T Neckernuss, L K Mertens, I Martin, T Paust, M Beil and O Marti

Mechanical properties of cells are determined by the cytoskeleton and especially by intermediate filaments (IFs). To measure the contribution of IFs to the mechanics of the cytoskeleton, we determine the shear moduli of in vitro assembled IF networks consisting of keratin 8/18 and MgCl2, serving as a crosslinker. In this study we want to present a new method, a combination of active and passive microrheology, to characterize these networks. We also show the applicability of the new method and discuss new findings on the organization and force transmission in keratin networks gained by the new method. We trap and move embedded polystyrene particles with an optical tweezers setup in an oscillatory manner. The amplitude response of the trapped particle is measured and evaluated with a lock-in approach in order to suppress random motions. With this technique we determine the degree of isotropy of the assembled network and sense preferred directions due to inhomogeneities of the network.

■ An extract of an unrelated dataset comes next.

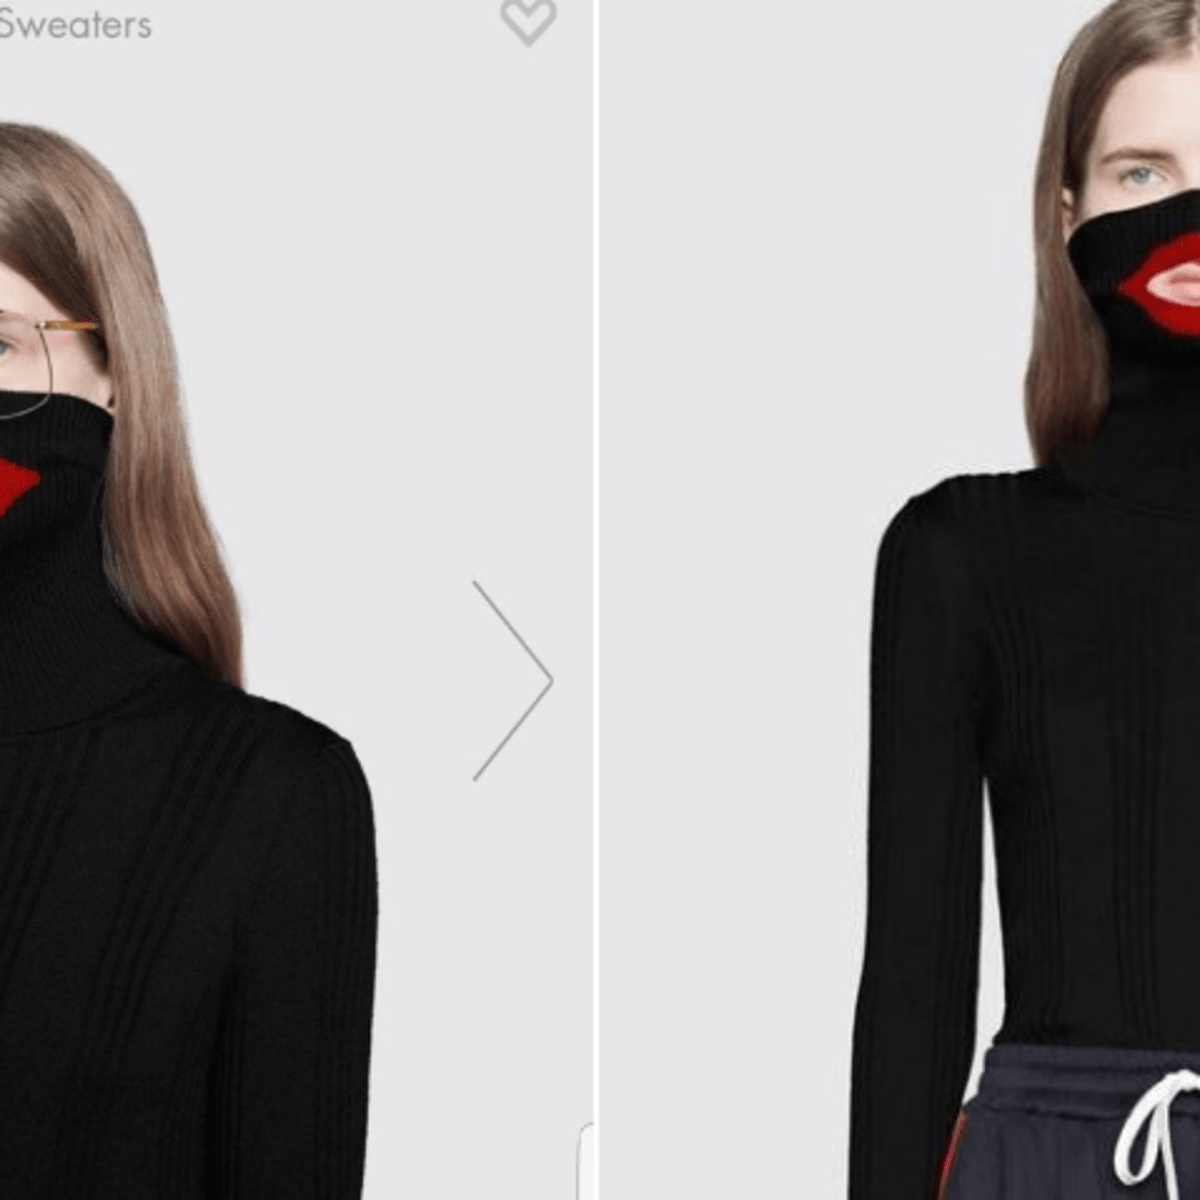 Gucci Apologizes for Controversial 'Blackface' Sweater - Fashionista

Furthermore, we show that we can deliberately create anisotropic networks by adjusting the assembly process and chamber geometry. To determine whether there are local network anisotropies in a globally isotropic network, we altered the evaluation method and included the motion of embedded particles in the vicinity of the trapped one. The correlations of the observed motions enable us to map local network anisotropies. Finally, we compare mechanical properties determined from passive with ones from active microrheology. We find the networks measured with the active technique to be approximately 20% more compliant than the ones from passive measurements.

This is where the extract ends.